We published the first volume of the Dictionary of American Regional English back in 1985. Volumes came every few years after that, and next year we’ll finally roll out Volume V, which will take us alphabetically from Si through Z.
Just last week Joan Houston Hall, the Chief Editor for the series, announced via Twitter that all of the data for DARE Volume V has been delivered to us at the Press. To celebrate that milestone, let’s have a little Balderdash-style fun. You guys know Balderdash, yeah? Toss out an obscure word, everybody makes up their own definitions, then they’re read aloud along with the actual definition and each player has to guess which one is correct.

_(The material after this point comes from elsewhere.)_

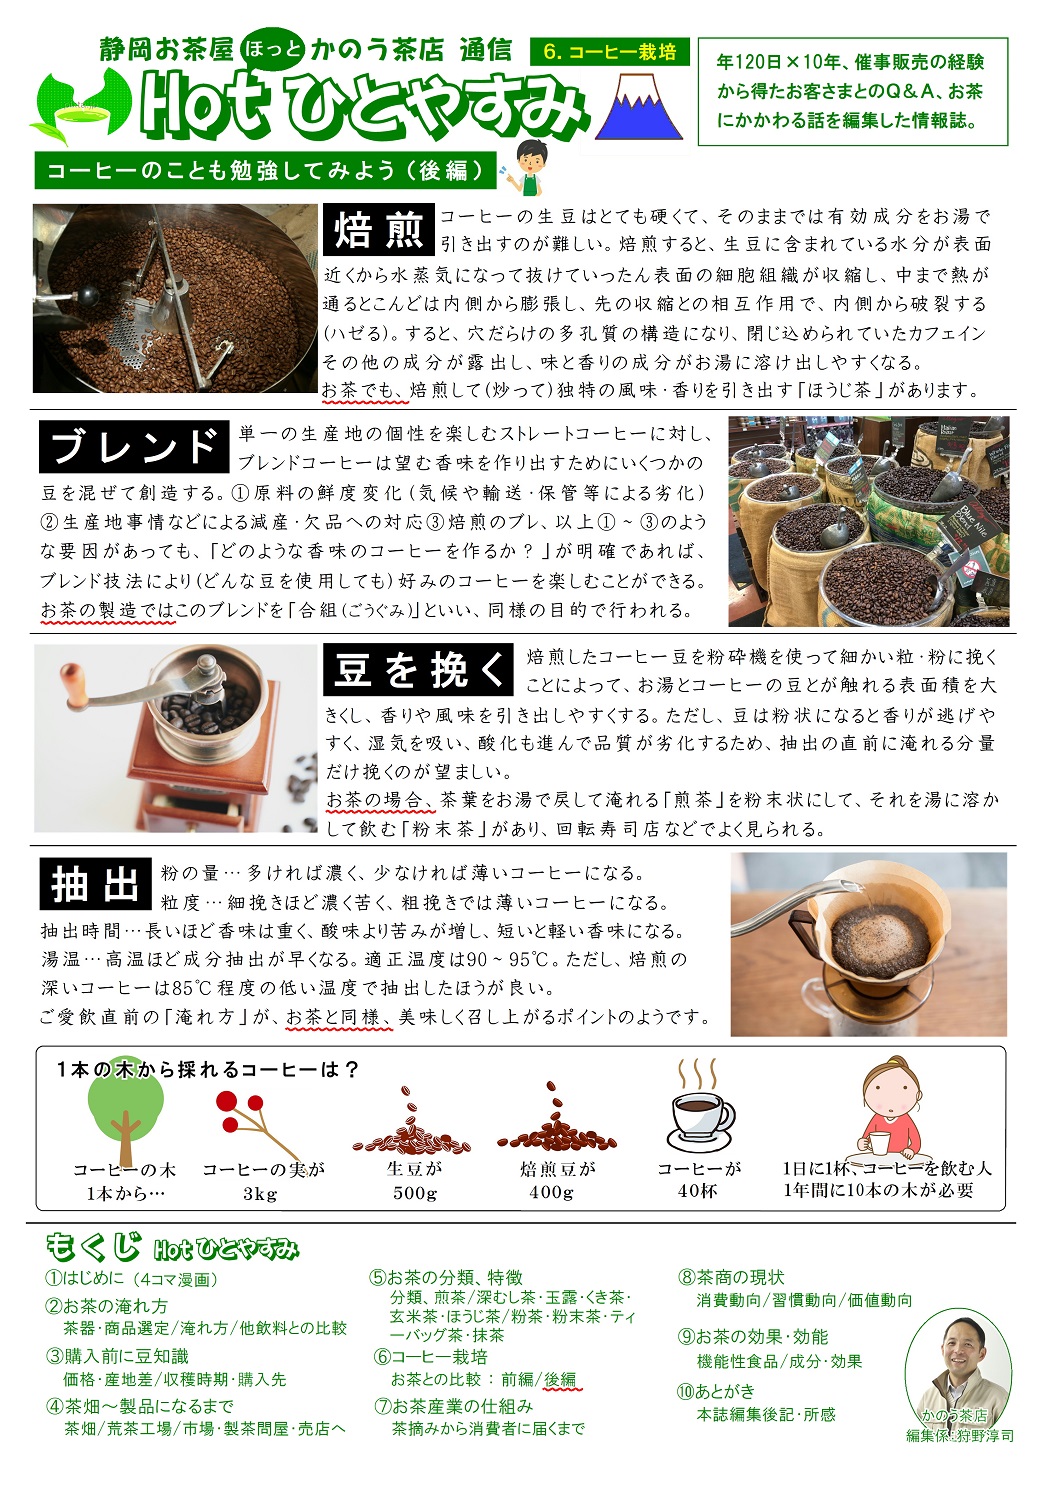 (6)コーヒー栽培(後編)

We stole part of the fun and made up the fakes, so you just have to guess the real definitions. All of these words came via the @darewords Twitter account, which you really should be following.
All right, let’s play some DAREderdash. Answers are below.
all horns and rattles:
(a) very angry
(b) in heat
(c) lacking depth or substance
(d) noisy
foop:
(a) a variety of fungus
(b) to dance uninhibitedly
(c) generic term for sugary cereal
(d) to make a mistake, to flub
blind tiger:
(a) one who lashes out indiscriminately
(b) a game of hide-and-seek played in the dark
(c) a speakeasy
(d) a practical joke
guffins:
(a) very large feet
(b) pigeons
(c) fussy toddlers
(d) jokers
footermans:
(a) on foot
(b) cement workers
(c) podiatrists
(d) soccer players
flabberjack:
(a) caramel-coated popcorn
(b) nonsense speech
(c) an apprentice lumberjack
(d) ripe yellow cucumbers
idiot spoon:
(a) a knife
(b) a shoehorn
(c) a ladle or other over-sized spoon
(d) a shovel or other digging tool
gravel-flipper:
(a) a manual laborer
(b) a critter that makes its home on a construction site
(c) a slingshot
(d) a salesman
optriculum:
(a) a doodad, a thingumbob
(b) a magnifying glass
(c) a mirage
(d) an early animation device
fuzzywog:
(a) a caterpillar
(b) a roll of dust under furniture
(c) a ball of hair pulled from a hairbrush
(d) a stuffed animal toy
Answers:
all horns and rattles: (a) very angry. [West]
foop: (b) to dance uninhibitedly.
blind tiger: (c) a place that sells liquor illegally; a speakeasy. [chiefly South, Western Midland]
guffins: (a) very large feet. [Virginia]
footermans: (a) on foot. “no cowman would go footermans to heaven or to hell, [so they] swung up on strange horses, and rode off together.” [Montana]
flabberjack: (d) ripe yellow cucumbers used for sweet pickles or left to spoil in the field. [csWI]
idiot spoon: (d) among loggers and miners, a shovel or other digging tool. [chiefly West]
gravel-flipper: (c) a slingshot.
optriculum: (a) same as doodad, thingumbob, etc. “Where is that optriculum?”
fuzzywog: (b) a roll of dust under furniture.